PREAMBLE:  I met George H. W. Bush once. And after his death late last year with all the wholesome remembrances put forth in honored tribute, that meeting has stroked a warm recollection.  Bush was Vice President of the United States at the time and had flown in to Tinker aboard Air Force 2. On short notice the entourage stopped in for a tour and mission briefing by the center’s command.

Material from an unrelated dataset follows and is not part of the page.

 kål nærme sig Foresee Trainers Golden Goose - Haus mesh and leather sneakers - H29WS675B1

On the morning Bush was to arrive, our news editor alerted me a press conference with the vice president was on schedule and he had assigned a reporter and photographer to cover the meeting. I imagined a full, if not a, mad house of media, but decided three from our papers posed no big issue and went along. Turned out Bush came to the room alone, met only by our crew, a pair from the Oklahoman and crews from a couple of television stations. I couldn’t help but think of all the corny jokes about the isolation and unimportance given to that office. Nevertheless, the meeting came close to becoming a personal interview. But it turned out pleasantly informal and conversational. Bush was gracious and personable, just like most Americans would grow to expect and value as his time as an institution came to an end.

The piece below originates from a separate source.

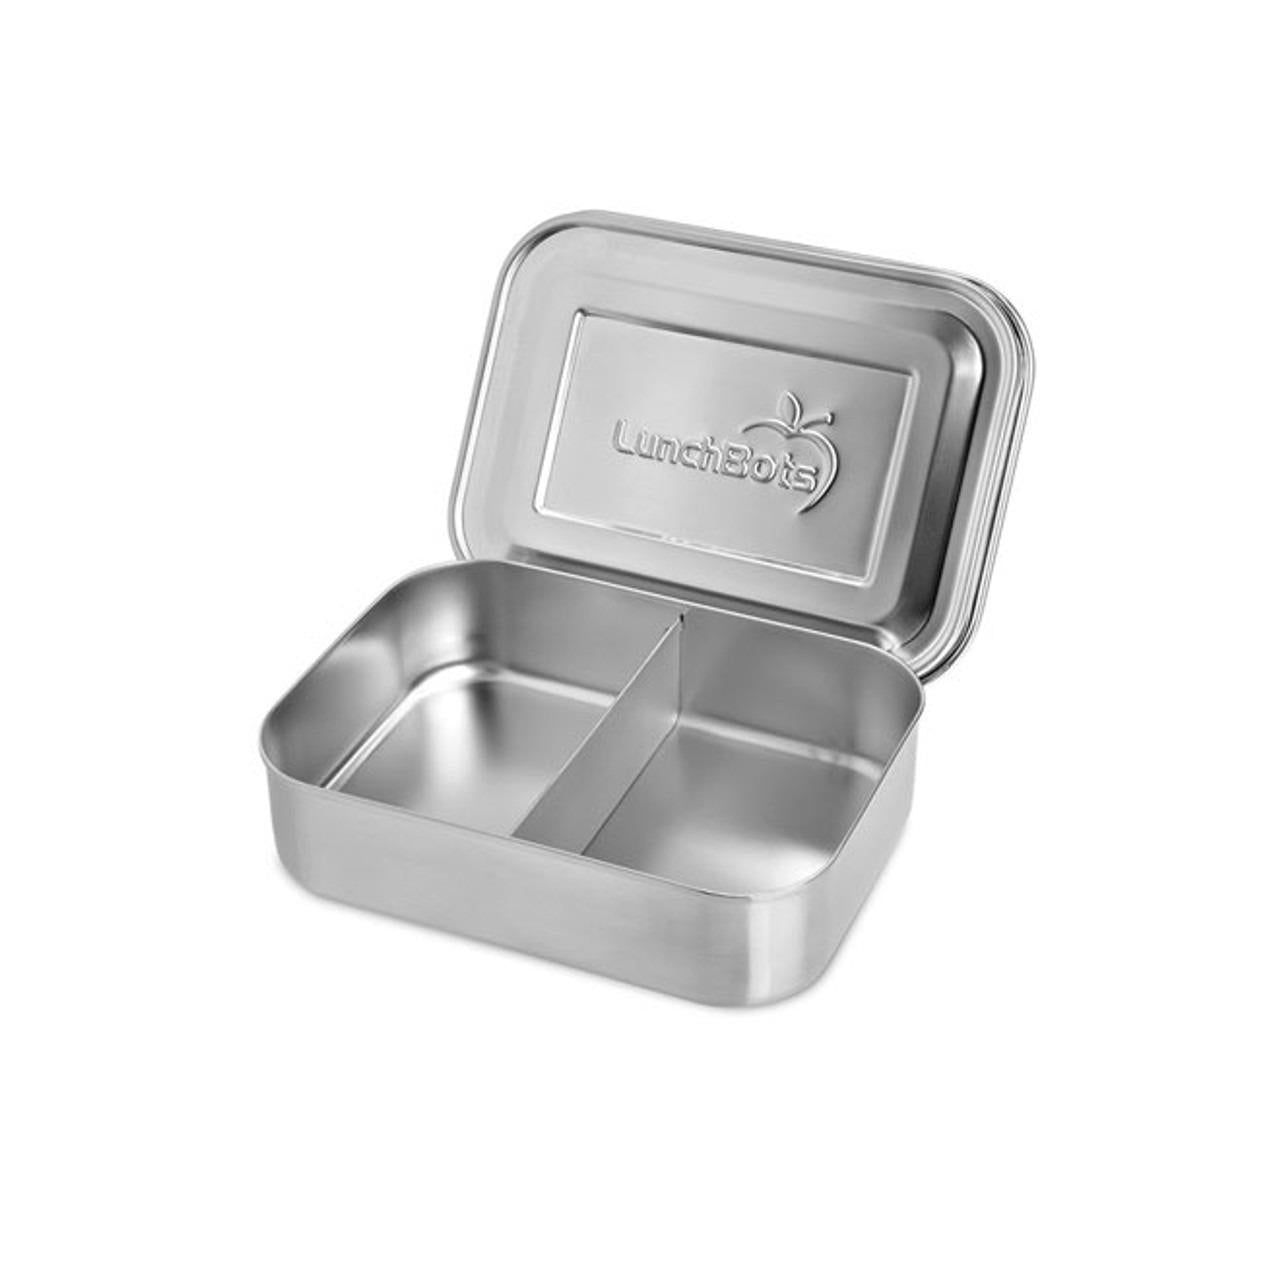 LunchBots Small 2 Compartment Snack Packer

A FATE AVERTED:  As an aviator and admirer of Bush’s service as a Navy combat pilot, absorbing is the report of his escape from a threat of death after he exited his gun-riddled dive bomber and from sure capture, had a sub not miraculously surfaced to spirit him to safety. Beyond that, little has been devoted to the fate awaiting fighter pilot George Bush on Chichi Jima, his target-island, and from where he’d just been shot down. Chichi Jima is no larger than twice the size of New York Central Park.  A volcanic island formed twin peaks standing 1,100 feet above the sea providing a natural “control tower” over the north Pacific and a relatively a short distance from Iwo Jima and a clear shot at the Japanese mainland. As a central communications post, Chichi was one of the most heavily defended and equally attacked positions in the Pacific war zone. Numerous aviators were shot down and captured and tortured to serve as communicators or subjected to unthinkable atrocities, including a form of cannibalism! (The commandant and his deputy were proven to be parties in the practice; both were executed after trials on Guam shortly after Japan surrendered.

A difference of minutes stood between George Bush living a life of selfless service and falling to such a gruesome, tragic end. He had celebrated his twenty-first birthday just days before this mission.